[Problem statement]
Go through the entries below and print, exactly, the lines starting at the one with "Tommy Hilfiger T-Shirt" and ending at the one with "HeyVolt Asia Autobatterie", keeping both ends and no others.

*** Source material ***

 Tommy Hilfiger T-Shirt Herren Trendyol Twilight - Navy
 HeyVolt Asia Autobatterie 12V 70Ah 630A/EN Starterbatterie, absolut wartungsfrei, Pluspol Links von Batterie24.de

*** End of Source material ***
*** Source material ***

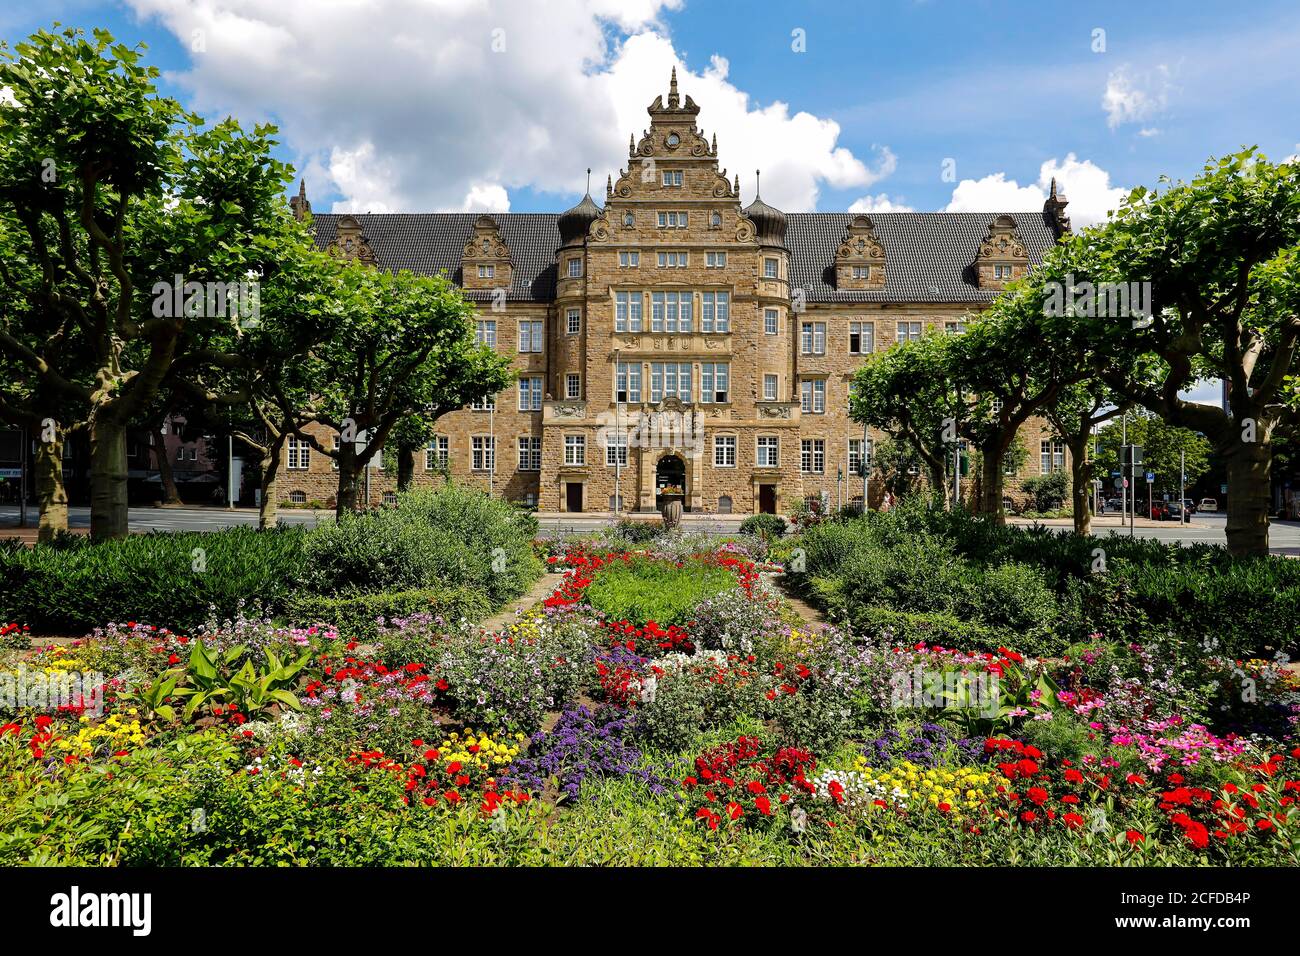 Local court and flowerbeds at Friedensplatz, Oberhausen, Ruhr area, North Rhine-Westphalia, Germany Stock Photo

*** End of Source material ***
*** Source material ***

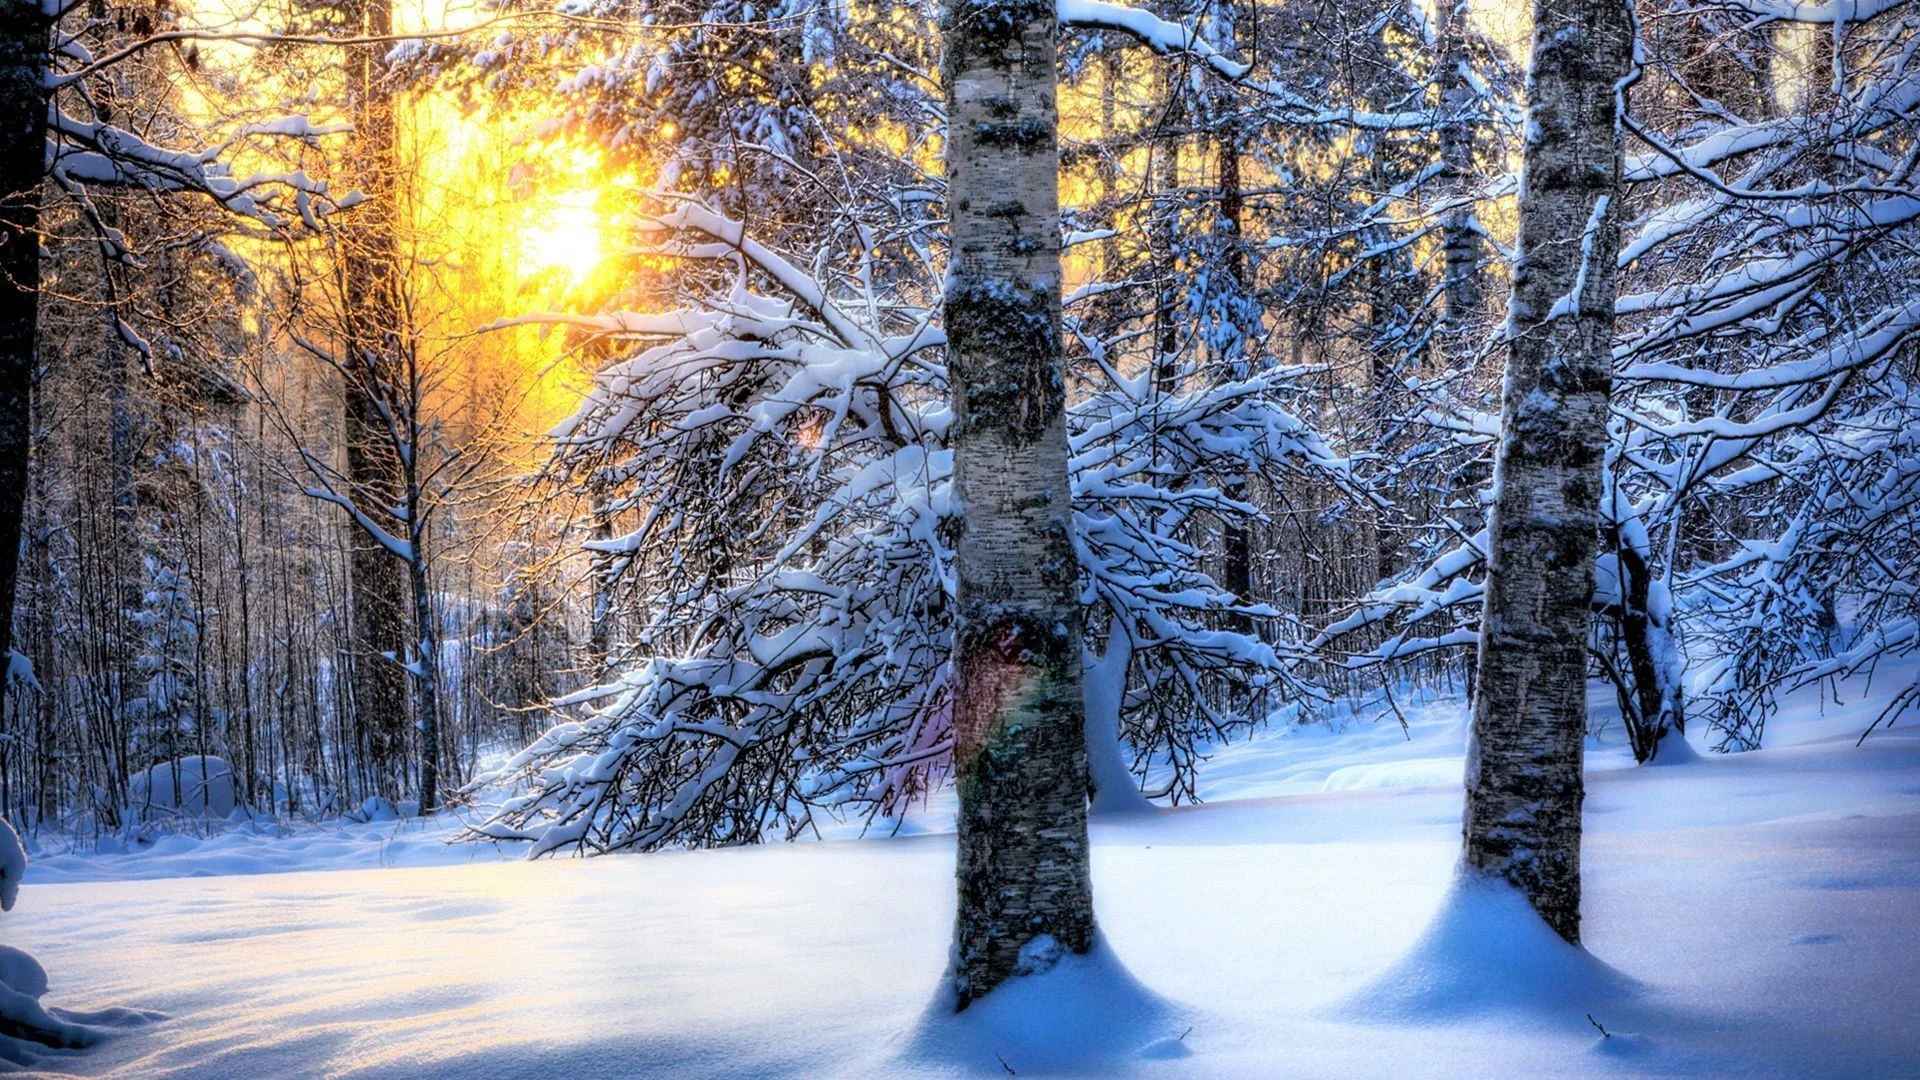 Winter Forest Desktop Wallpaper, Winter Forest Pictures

*** End of Source material ***

[Answer box]
 Tommy Hilfiger T-Shirt Herren Trendyol Twilight - Navy
 HeyVolt Asia Autobatterie 12V 70Ah 630A/EN Starterbatterie, absolut wartungsfrei, Pluspol Links von Batterie24.de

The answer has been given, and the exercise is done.